Painter has cited both the painter David Elliott and printmaker Julie Voyce as influences. The density of layering in each of these artists’ works is evocative of Painter’s approach and his insistence on making a compelling picture. Each work in Bauble Bauble completes its own story. They all rely on the line, on a graphic tradition, and a high degree of control, but with a twist.  As an audience we benefit from Painter’s post-disciplinary approach to the drawing tradition. His rearrangements of space, time and matter on paper upend and suspend perception, and provide welcome respite in these perplexing times.

- Caroline Seck Langill


Luke Painter is an artist residing in Toronto.
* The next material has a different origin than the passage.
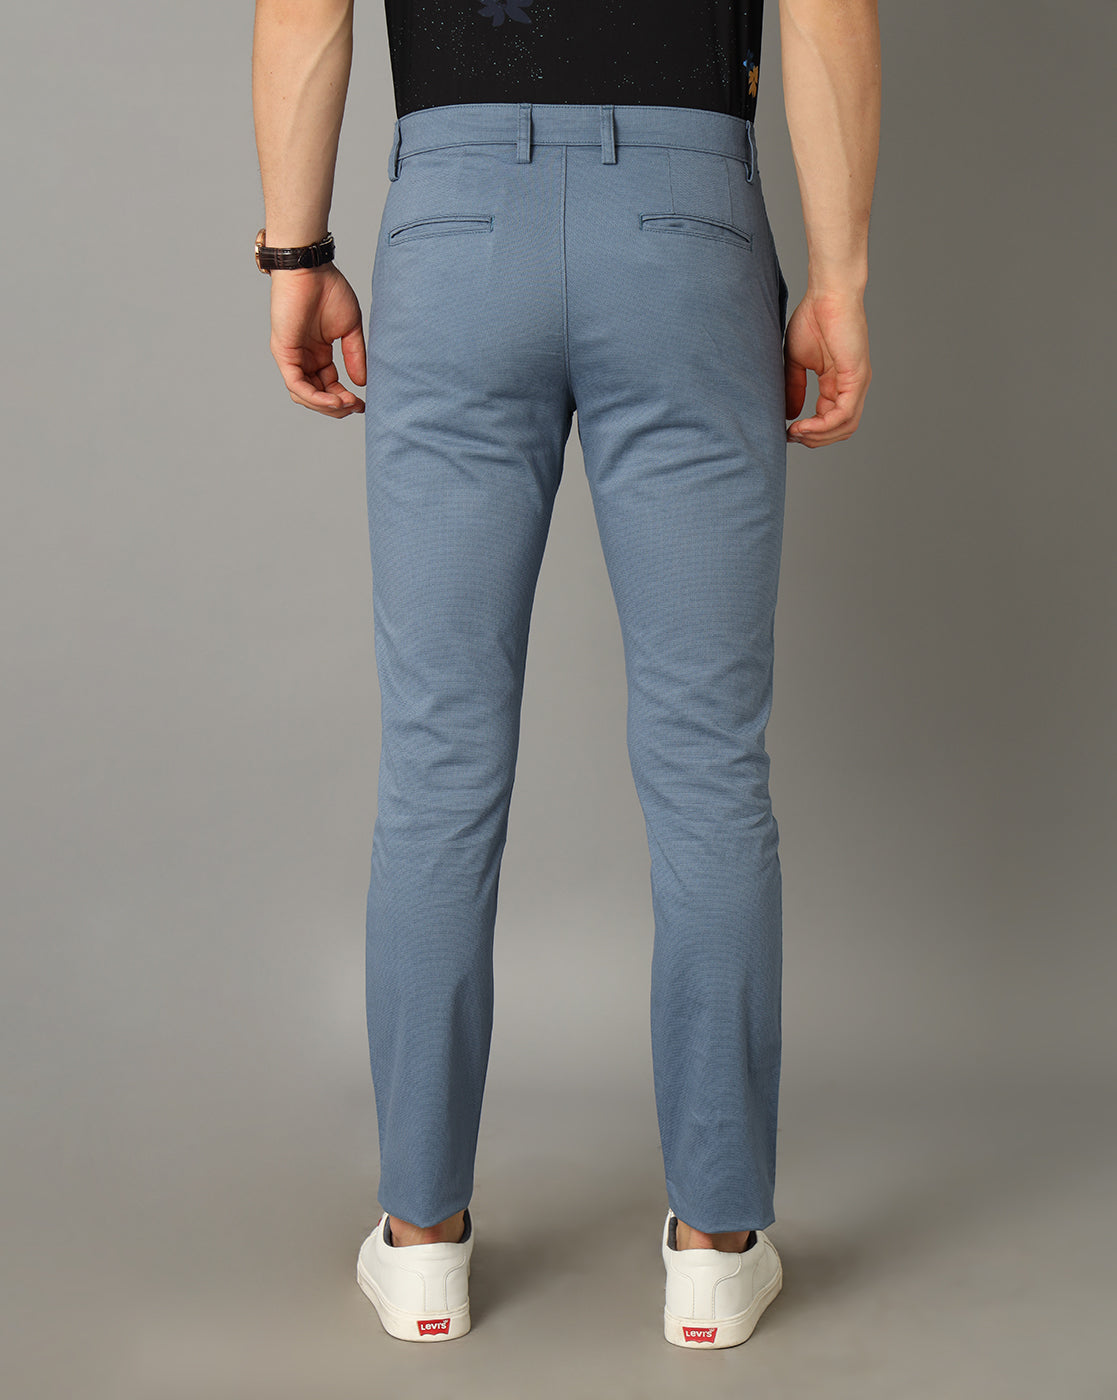 Classic Navy Blue Custom Pants - Hangrr

His work has been shown in numerous local and international exhibitions including Ways of Something at the Whitney Museum of American Art, Five Years of Contemporary Canadian Drawing at the Art Gallery of Sudbury, Personal Space at Patel Brown Gallery, Modern Wand at Cambridge Galleries and the The Teasers and the Tormentors at Galerie Clark in Montreal.  

Painter has received grants from Canada Council for the Arts, the Ontario Arts Council and the Toronto Arts Council and was nominated for the K.M. Hunter Award in the Visual Arts through the Ontario Arts Council. His work has been reviewed by Canadian Art, Border Crossings, The Globe and Mail and was included in Carte Blanche Vol 2 – Painting, a national survey of Canadian painters. He is an Associate Professor at OCAD University in Toronto. 

Caroline Seck Langill is a writer and curator whose scholarship looks at the intersections between art and science, as well as the related fields of media art history, criticism and preservation. She is currently a Professor at OCAD University and her co-edited book with Lizzie Muller, Curating Lively Objects: Exhibitions Beyond Disciplines, was recently published by Routledge in their Research in Museum Studies series.